Mais en quoi Walras, et non pas Marx et Smith, accompagne-t-il ce changement de paradigme historique qui n’est donc pas récent ? Dès lors que sa réflexion théorique ne se focalise pas sur la valeur travail, comme le font Marx et Smith, les deux auteurs de référence pour les libéraux et les socialistes (dans les Mots et les choses le travail est pour Foucault l’un des trois ressorts de la modernité avec le langage et la vie5), il saisit qu’une conception subjective de la valeur se substitue à une conception objective de la valeur.

À l’idée que le travail nécessaire à la production est la seule mesure universelle et exacte de la valeur économique se substitue la notion de désir comme cause de la valeur6.

L’imaginaire du capitalisme n’attend donc pas les années 1960 et 1970 et les thèmes relatifs à la société de consommation ou aux simulacres du désir (Baudrillard, les situationnistes…) pour se développer puisque l’économie classique considère déjà la valeur ” au-delà ” du travail, de l’utilité, de la production, bref au-delà de la valeur maté rialisable dans une monnaie stable. La frivolité de la valeur, celle que la Bourse symbolise, est déjà ancienne : elle se généralise

quand la valeur n’est plus une valeur en soi, inhérente aux choses, ou garantie par la règle universelle d’un étalonnage fixe. La valeur ne vient pas de l’objet vers le sujet, elle part du sujet désirant pour se projeter sur les choses, les constituer passagèrement en objet valeureux7.

De même que pour Ferdinand de Saussure, le linguiste genevois, la linguistique pure repose sur la valeur comme équilibre de différences, l’économie pure de Walras et de l’école de Lausanne est l’effet d’un équilibre momentané dans le système de marché. De cette rupture ancienne dans l’institution de la valeur économique, deux leçons peuvent être tirées.

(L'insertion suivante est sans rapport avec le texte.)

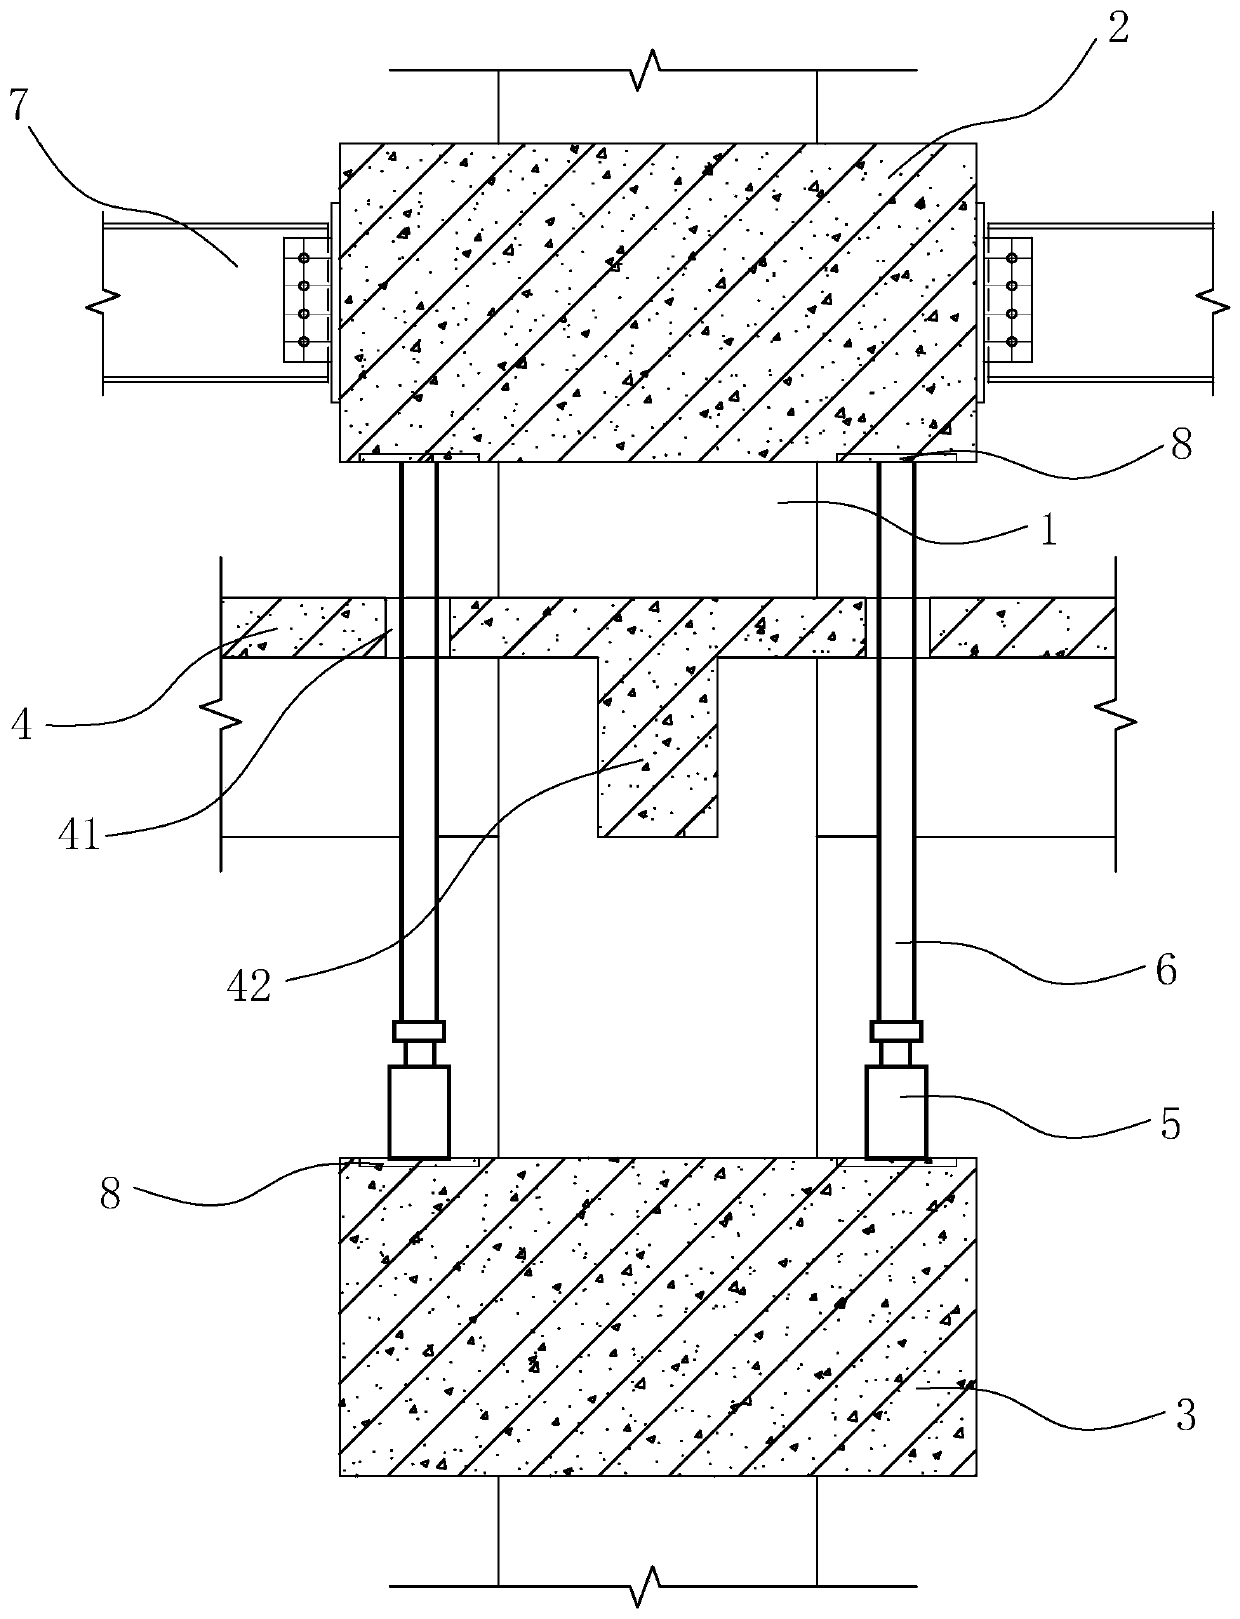 Method for changing floor frame column to on-beam column structure
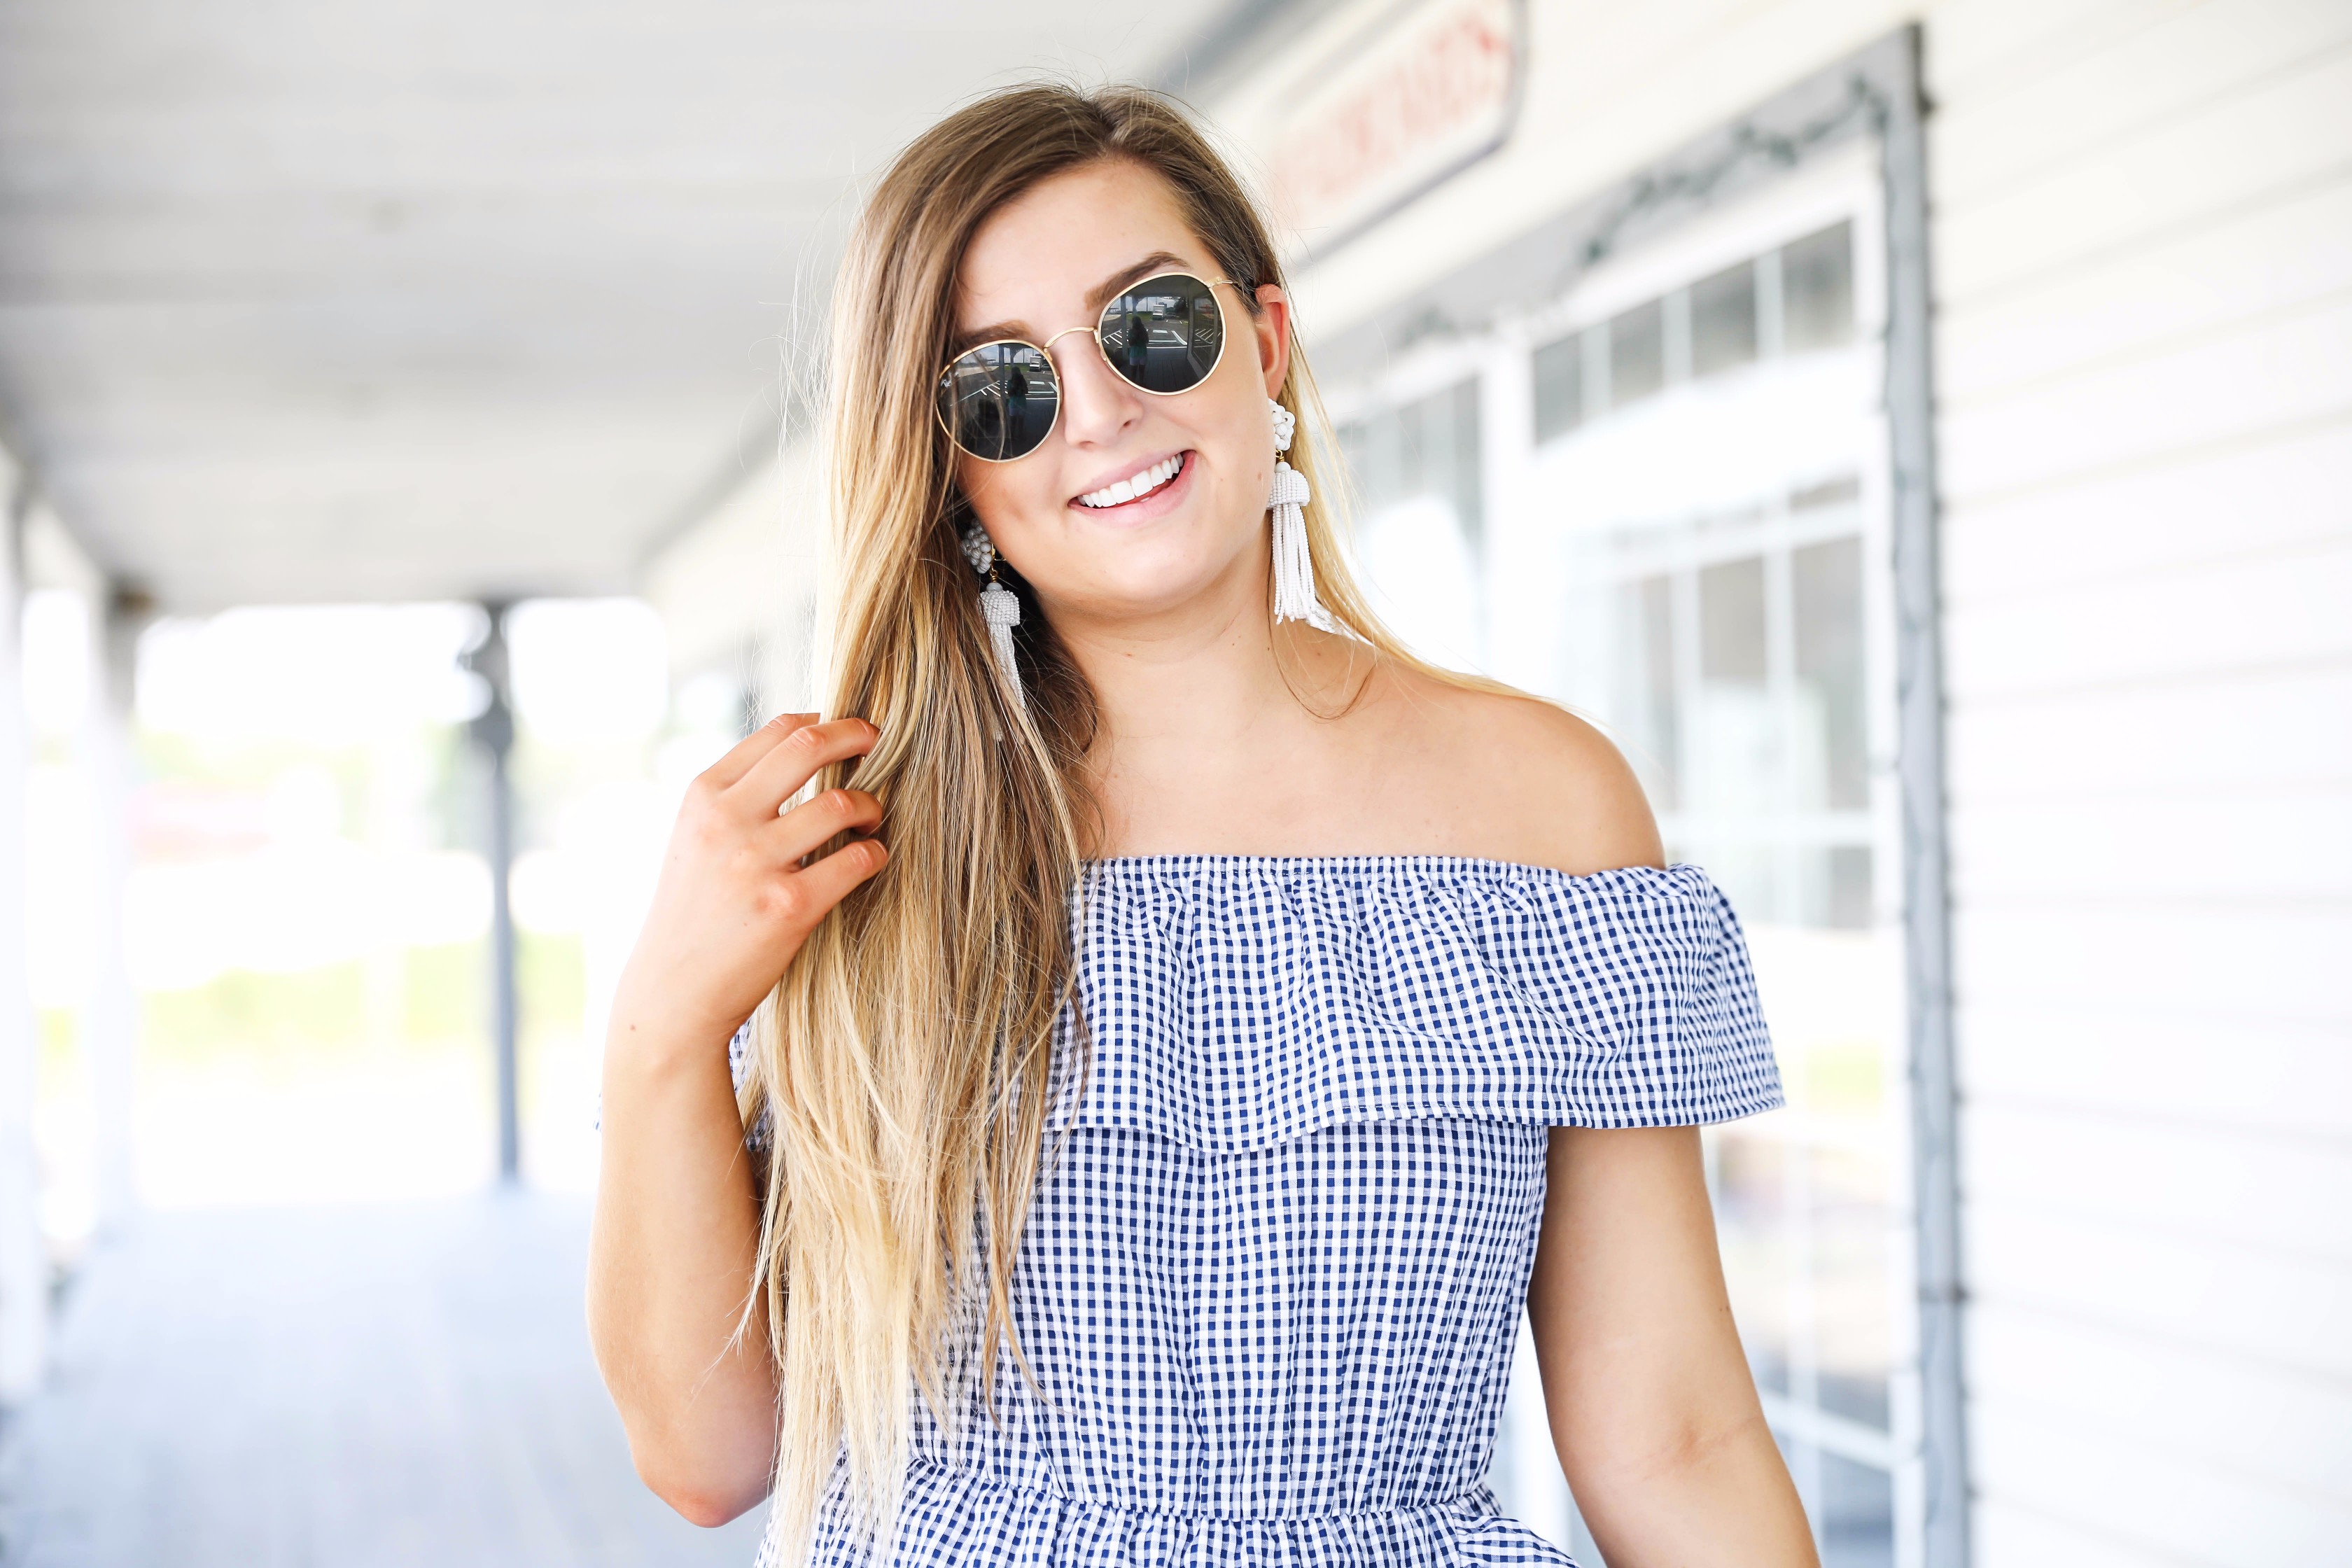 Gingham ruffle dress and round rayb ban sunglasses with tassel earrings on fashion blog daily dose of charm by lauren lindmark

Tout d’abord l’indigence, la pénurie, la disette ne sont plus le ressort décisif de l’économie. ” Les néoclassiques partent de l’abondance et de la satiété, ils s’interrogent avant tout sur l’homme repu. ” C’est ce que sous-tend la théorie dite marginaliste : quelle jouissance supplémentaire la possession d’un objet en plus peut-elle m’apporter ? Combien de chapeaux, de paires de chaussures, faut-il pour être satisfait ? Comment mon désir me guide-t-il et comment indique-t-il le seuil au-delà duquel il sera saturé, le seuil au-delà duquel un objet supplémentaire ne vaudra plus rien à mes yeux, et sera donc ” marginalisé ” ? Tel est le point de départ de l’économie marginaliste qui cherche à se formaliser par le biais des mathématiques : celui de la vacillation du désir, le moment de satiété où le bien intensément désiré un temps perd sa valeur parce qu’il est moins désiré. Ce n’est donc plus l’impératif de la production dans un régime de pénurie qui importe à l’économie mais la perspective d’une consommation qui ne peut pas être illimitée car elle rencontre la borne fatale de la satiété. La rareté n’est pas un manque mais le constat d’une perte de jouissance qui annule la valorisation et se porte sur un autre objet du désir. La traduction avec les comportements boursiers n’est pas anodine : on passe d’une valeur à l’autre parce qu’on ne désire plus un objet. Mais, différence décisive, dans le cas du marché financier, celui des liquidités, le désir est illimité puisqu’il se focalise moins sur des objets que sur de l’argent dont la demande est par principe illimitée. C’est la particularité du monde liquide contemporain bien analysé par Zygmunt Bauman. Bref, le modèle de la valeur comme ” équilibre de différences ” correspond à un modèle boursier où la valeur est frivole puisqu’elle se déplace ” sans limites ” au fil de la jouissance et de la satiété.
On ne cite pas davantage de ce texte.